Golden Retrievers may suffer from Pnpl1-related inherited ichthyosis. Our study shows that in the stratum corneum (SC) of ichthyotic dogs, linoleic acid (LA) is also present in the form of 9-keto-octadecadienoic acid (9-KODE) instead of the acylacid form as in normal dogs. The fatty acids purified from SC strips (LA, acylacids) were characterized by liquid chromatography-tandem mass spectrometry (LC-MS) and atmospheric pressure chemical ionization (APCI).
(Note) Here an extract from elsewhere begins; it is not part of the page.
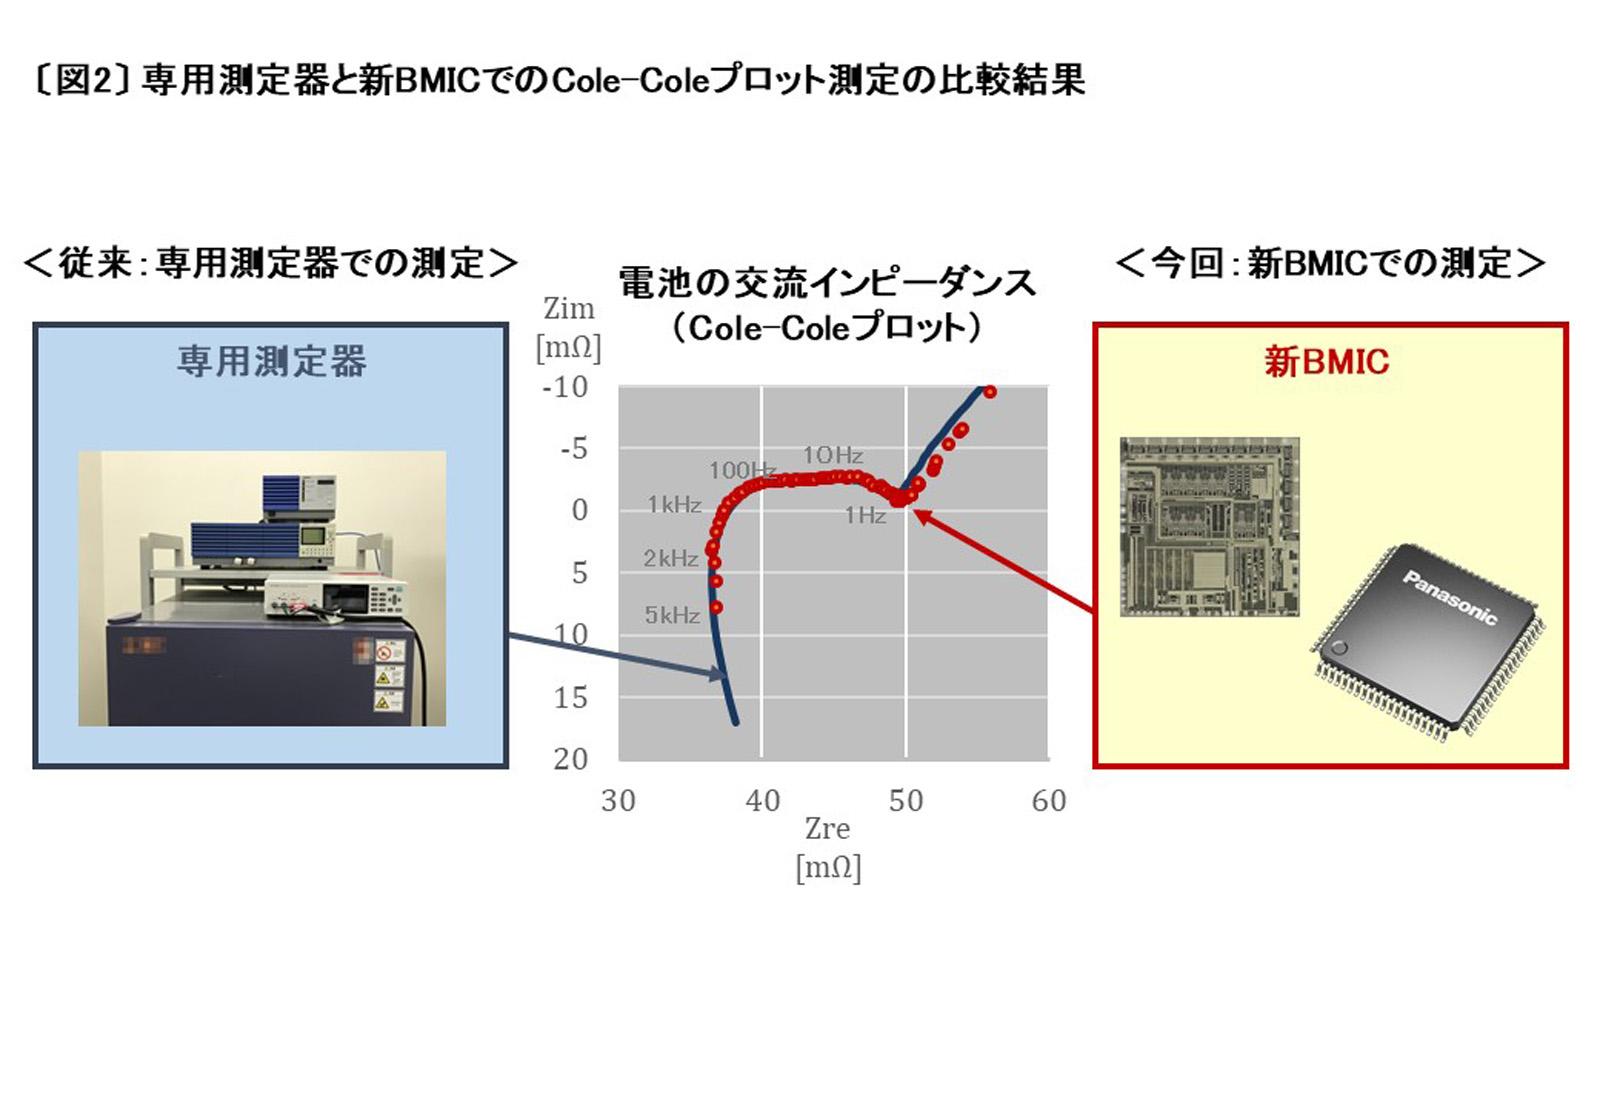 専用測定器と新BMICでのCole-Coleプロット測定の比較結果

Electrospray ionization (ESI) and MS2(MS/MS Tandem mass spectrum/spectra)/M3 (MS/MS/MS Tandem mass spectrum/spectra) fragmentation indicated the positions of the double bonds in 9-KODE. We showed that ichthyotic dogs have a threefold lower LA content in the form of acylacids. The MS2 fragmentation of acyl acids showed in some peaks the presenceof an ion at the m/z 279, instead of an ion at m/z 293 which is characteristic of LA. The detected variant was identified upon MS3 fragmentation as 9-keto-octadecadienoic acid (9-KODE), and the level of this keto-derivative was increased in ichthyotic dogs. We showed by the APCI that such keto forms of LA are produced from hydroperoxy-octadecadienoic acids (HpODE) upon dehydration. In conclusion, the free form of 9-KODE was detected in ichthyotic SC up to fivefold as compared to unaffected dogs, and analyses by HPLC (High performance liquid chromatography) and ESI-MS (Electrospray Ionization-Mass Spectrometry) indicated its production via dehydration of native 9-HpODE.

Keywords:

linoleic acid; stratum corneum; dogs; ichthyosis; hydroperoxide

1. Introduction

Linoleic acid is one of the two essential fatty acids for humans and other mammals, the second being alpha-linolenic acid. These fatty acids are an essential dietary requirement since they cannot be synthesized due to a lack of the desaturase enzymes required for their production. Linoleic acid (LA) C18:2 is necessary for the formation of an efficient cutaneous barrier, and a deficiency in linoleic acid supply from the diet leads to scaly skin and a high transepidermal water loss (TEWL) [1]. As shown in our recent study [2], LA is found in canine SC mainly as an ester to omega-hydroxy very long chain fatty acids (ω-OH-VLCFA) in acylacids [3] that form the fatty acid moieties of acylceramides [4]. The occurrence of the latter compounds in the epidermis is critical to ensure an optimal cutaneous barrier function [5].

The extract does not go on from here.